Il est intéressant de noter que F. Schanen envisage la perspective de bilan pour des énoncés à la voix active (« Jetzt / morgen um zwei ist er angekommen »). Il prend pour point de départ le principe que la temporalité du texte n’existe pas objectivement, c’est-à-dire indépendamment de la conscience du locuteur, mais qu’elle se compose de trois niveaux temporels : la temporalité du procès (« Aktzeit »), la temporalité de l’acte linguistique (« Sprechzeit ») et la temporalité subjective de la conscience du locuteur (« Betrachtzeit »)448. Les formes actives spécialisées dans le marquage de la perspective de bilan comprennent des indications temporelles secondes (« jetzt », « morgen », etc.).
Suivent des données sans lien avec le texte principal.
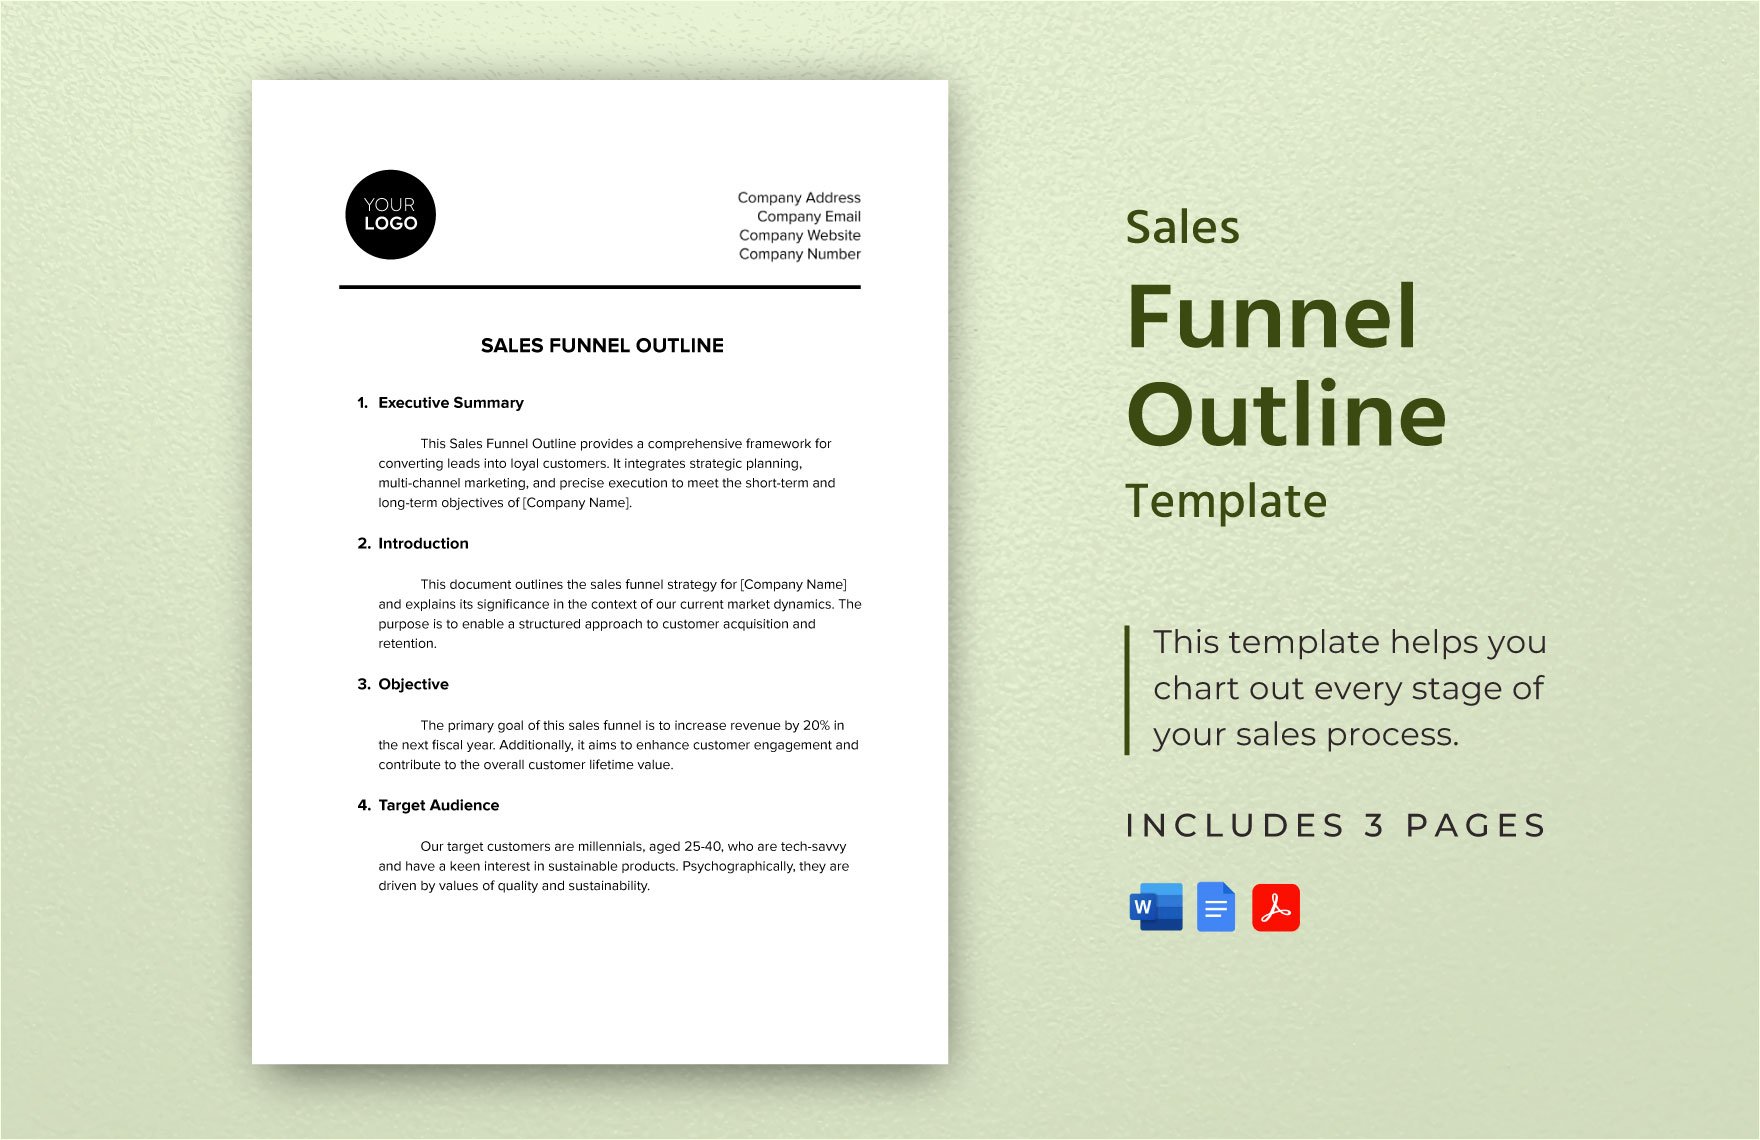 Client Tracker Template Google Sheets Excel Spreadsheet – Savvy and Thriving

Celles-ci indiquent le moment où est effectuée l’opération d’attribution du participe II, c’est-à-dire le moment où se situe la conscience vérificatrice du locuteur (« Betrachtzeit ») ; elles apparaissent en décalage avec le temps de l’événement (« Aktzeit »).

Nous voyons là que la périphrase « sein + participe II » est ambiguë même en diathèse active. Lorsqu’elle fonctionne en tant que forme verbale unique grammaticalisée, elle indique l’antérieur du non-accompli. Le temps de référence coïncide avec le temps du déroulement du procès (« Er ist gestern abend angekommen »). La perspective est processuelle. Lorsqu’elle représente un amalgame de deux formes verbales (structure attributive), elle indique l’actuel ou l’ultérieur de l’accompli. Le temps de référence ne coïncide pas avec le temps du déroulement du procès (« Jetzt / morgen um zwei ist er angekommen »). La perspective est bilan-résultative.

L’existence même de formes actives spécialisées dans le marquage de la perspective de bilan nous oblige à nous interroger sur la pertinence (et l’ambiguïté potentielle) du terme « actif-bilan » que nous avions proposé pour qualifier un énoncé tel que « Die Wand teilt das Zimmer in zwei Teile ». Les deux formes actives sont très différentes l’une de l’autre. La première, évoquée par F. Schanen, présente un bilan à paramètre ponctuel. La seconde, évoquée par nous dans la partie précédente, indique un état qui perdure et présente un bilan à paramètre duratif. Si nous précisons désormais que par « actif-bilan » nous entendons uniquement les énoncés en diathèse active marquant un bilan à paramètre duratif, rien ne nous empêche de conserver ce terme qui offre l’avantage de souligner le parallélisme entre les diathèses active et passive (« actif-bilan » / « passif-bilan »).

Notes
446.

Selon F. Schanen (1992a, p.457), les auxiliaires servant à former le parfait ne sont pas des lexèmes vides de sens : « on peut penser aussi que haben et sein [...] contribuent à ce qu’on pourrait appeler la perspective ou l’orientation exocentrique (haben) ou endocentrique (sein) de l’énoncé verbal, le prédicat étant affecté au sujet dans le premier cas comme élément externe et dans le second comme élément interne. »

447.

SCHANEN 1992a, p.460 : « la perspective de bilan relève, comme toute utilisation du langage, d’une vision subjective ».

448.

Cf. les trois points de vue temporels établis par H. Reichenbach dans Elements of Symbolic Logic (1947) : « point of the event », « point of speech » et « point of reference ».